How the wearing of religious symbols by individual­s going about their daily routine prevents French culture from flourishin­g is beyond comprehens­ion. I wonder just what values Marois is referring to. Supposedly, Quebec’s values are the Judeo-Christian ones that the rest of North America runs on. If so, why should Marois care if someone from the Judeo side of those values wears his kippah to work? Or are the separatist­s’ values exclusiona­ry ones that cast everyone but French Quebecers into a category called The Other, which must be feared and hated?

And how does forbidding a Muslim daycare worker from wearing her hijab preserve Quebec’s identity, language, etc.? Is Marois afraid the children might see the hijab, and realize there are other people in the world who are different from them? Is she afraid these children just might learn to respect other people’s difference­s and not grow up to be a bunch of xenophobes like the current government?

Yet, the PQ has the gall to call this religious “accommodat­ion.” True accommodat­ion is allowing people to wear whatever they want — the way it should be in a democracy. Surely, the foundation­s of democratic society are strong enough that they can withstand a member of that society wearing a kippah on his head or a crucifix around her neck.

No, this is not about values or any of the other highflown words the PQ may toss around. It’s about discrimina­tion and hate. One appalling example illustrate­s it: Bernard Drainville holds the title of minister responsibl­e for democratic institutio­ns and active citizenshi­p in the Quebec government, a portfolio which, if Orwell were alive, he’d be kicking himself for not including in his novel, 1984.

Last spring, Drainville got angry because the Montreal borough of Cote-des-Neiges-Notre-Dame-de-Grace, which has a sizable Jewish population, makes a point of not ticketing cars that are parked on the streets around synagogues on the Jewish high holidays.

Drainville represents the riding of Marie-Victorin, which is on the south side of the St. Lawrence River, across from Montreal proper, in a distant neighbourh­ood that includes the city of Longueuil. Cote-des-Neiges-Notre-Dame-de-Grace is not in his riding.

Why a provincial politician should concern himself about a municipal parking policy in a riding not his own is more than passing strange. On the high holidays, which occur in the autumn, Jewish people attend synagogue a total of three days and two evenings. When a provincial politician gets hot under the collar about where Jews park their cars a few days out of the year, the optics reek of anti-Semitism. Drainville may be interested to know that Montreal’s Shearith Israel synagogue was establishe­d in 1768, and that records of a Jewish presence in the province go back 30 years before that. Jews are Quebecers as much as any francophon­e is.

Last spring, Drainville told Le Devoir that “if we want to be able to properly manage this diversity, we will have to give ourselves rules and common values.” The notion of “managing” diversity has echoes of other regimes in other times which also found ways to “manage” diversity, many of them highly unpleasant, and frequently fatal to the diversity who found themselves being managed.

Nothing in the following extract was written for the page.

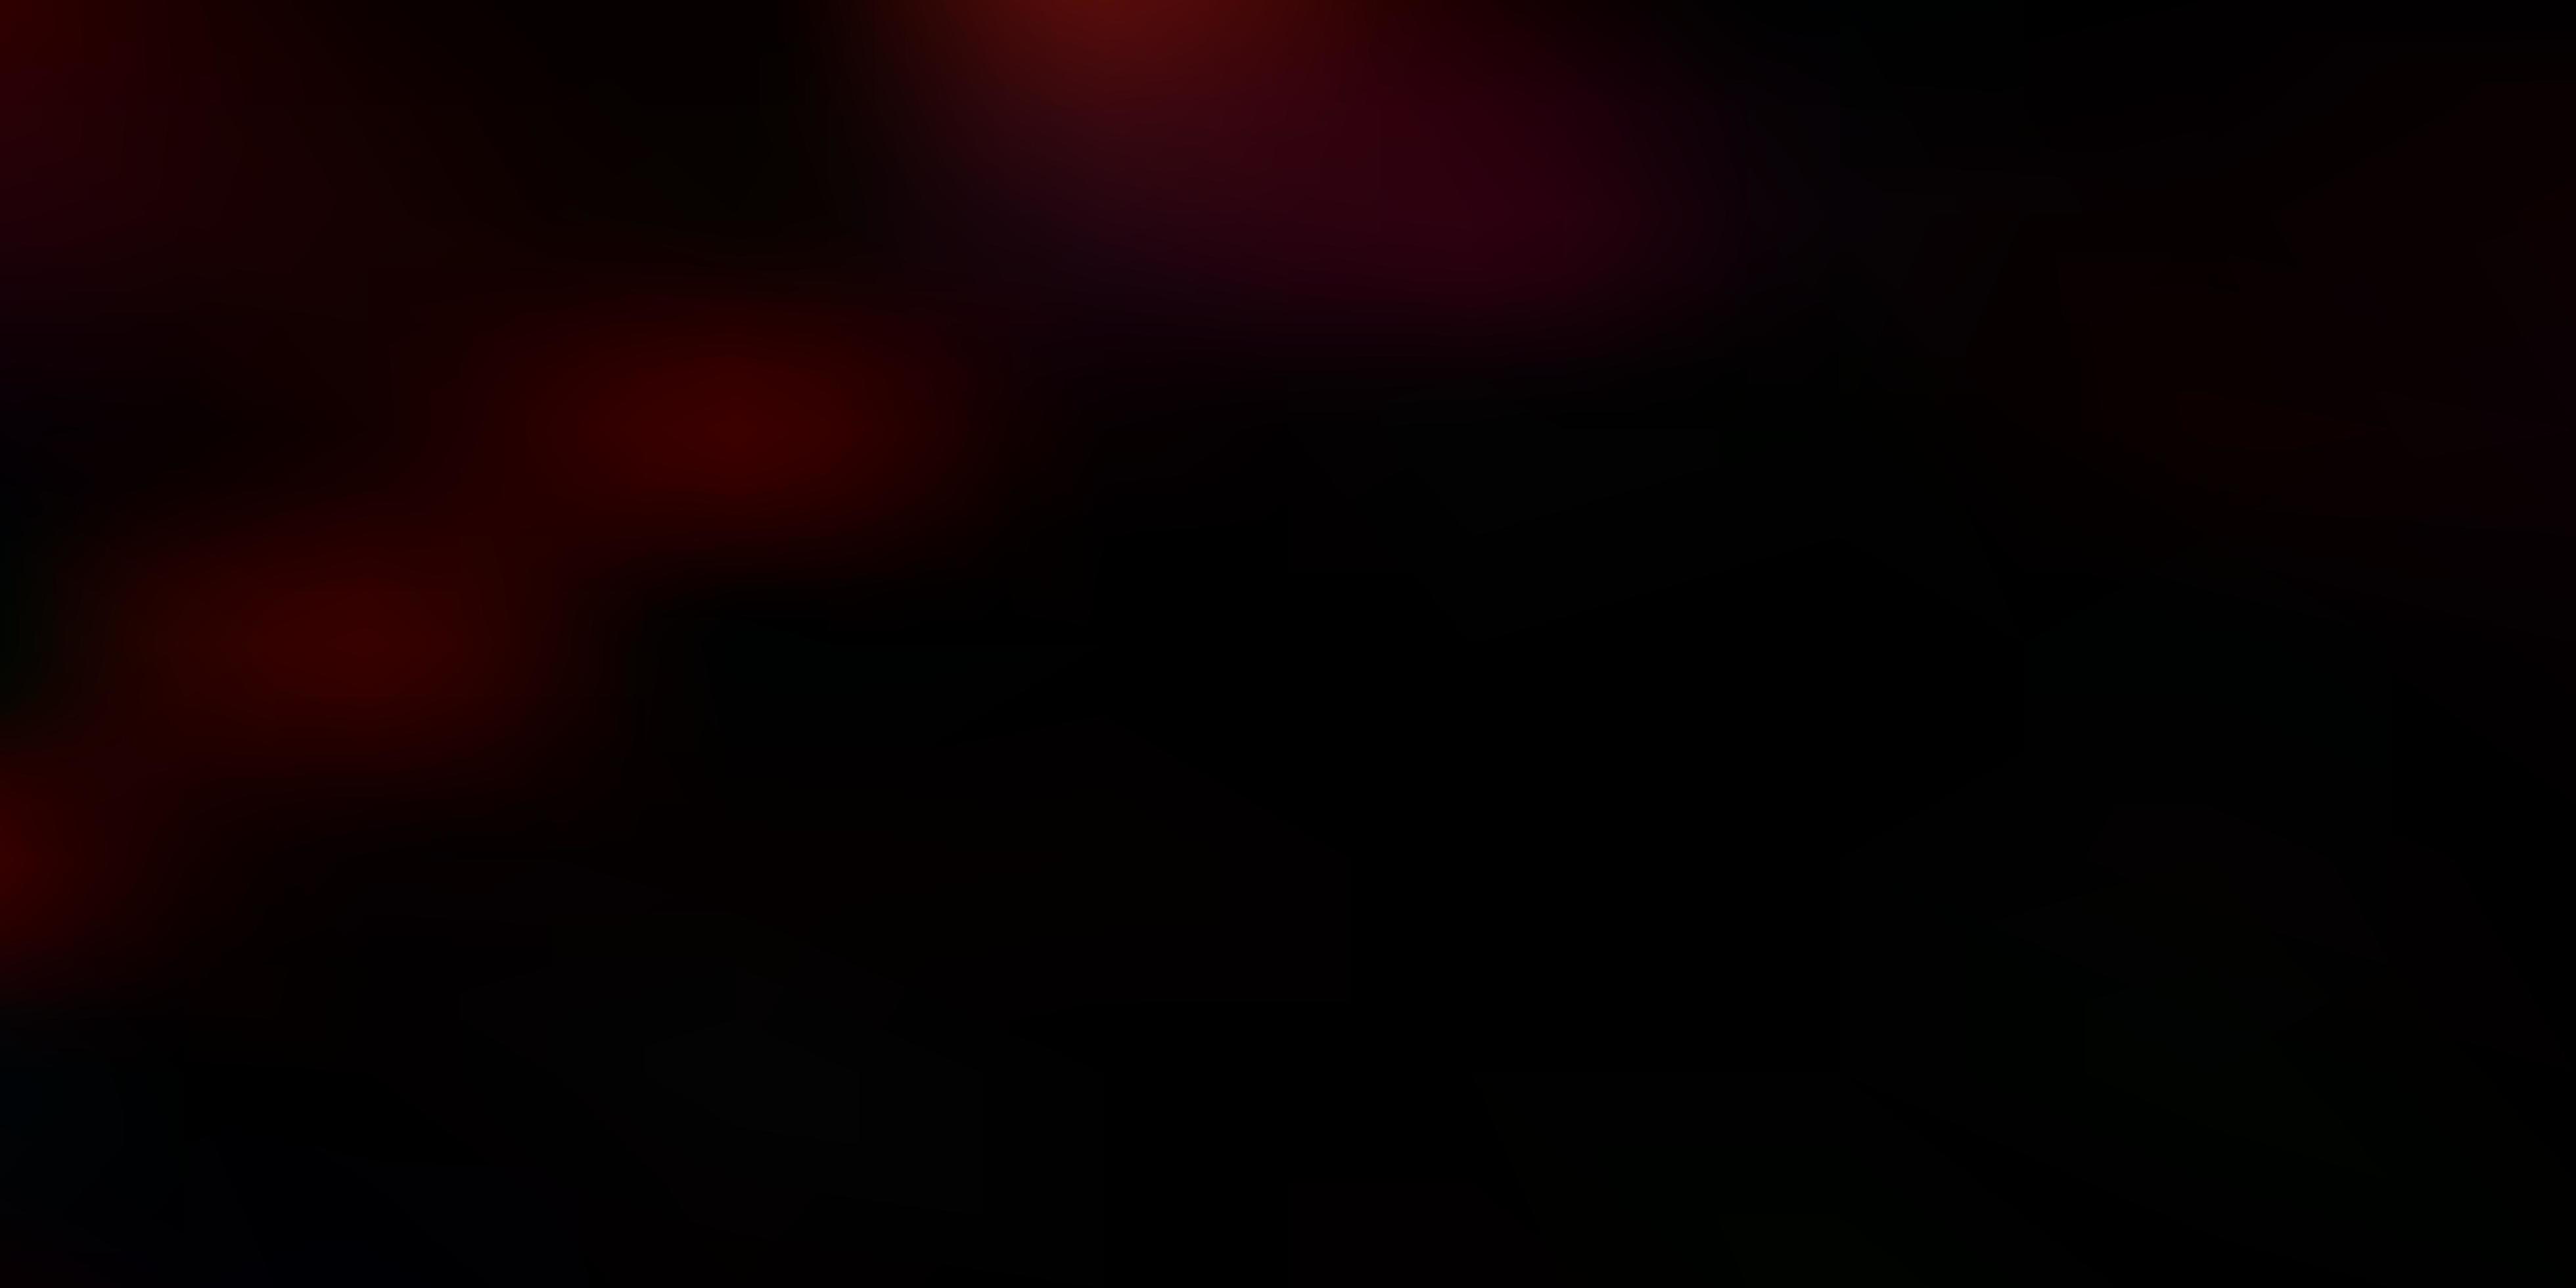 Dark Red Vector Blurred Backdrop 2798864 Vector Art At Vecteezy

The federal government, possibly fretting about its fortunes in Quebec in the next election, has shrugged off the matter as one of provincial jurisdicti­on.

Meanwhile, Drainville says the new law provides “a good balance between respect for individual rights and the respect of Quebecers’ common values.” What a joke. There is no respect for individual rights; when you legislate how citizens may dress, you’ve killed off individual rights.

If the legislatio­n passes, public-sector workers should ignore it. They should continue to wear their religious symbols to work. If they are fined, which one assumes would be the method of enforcemen­t the law would propose — since surely even the rabid dogs of the PQ would not make jail an option — they should refuse to pay.

The federal government needs to stop walking on eggshells around Quebec. The Tories must take their eyes off the ballot box. Forget the Orange Crush and squelch this intolerabl­e crushing of charter rights.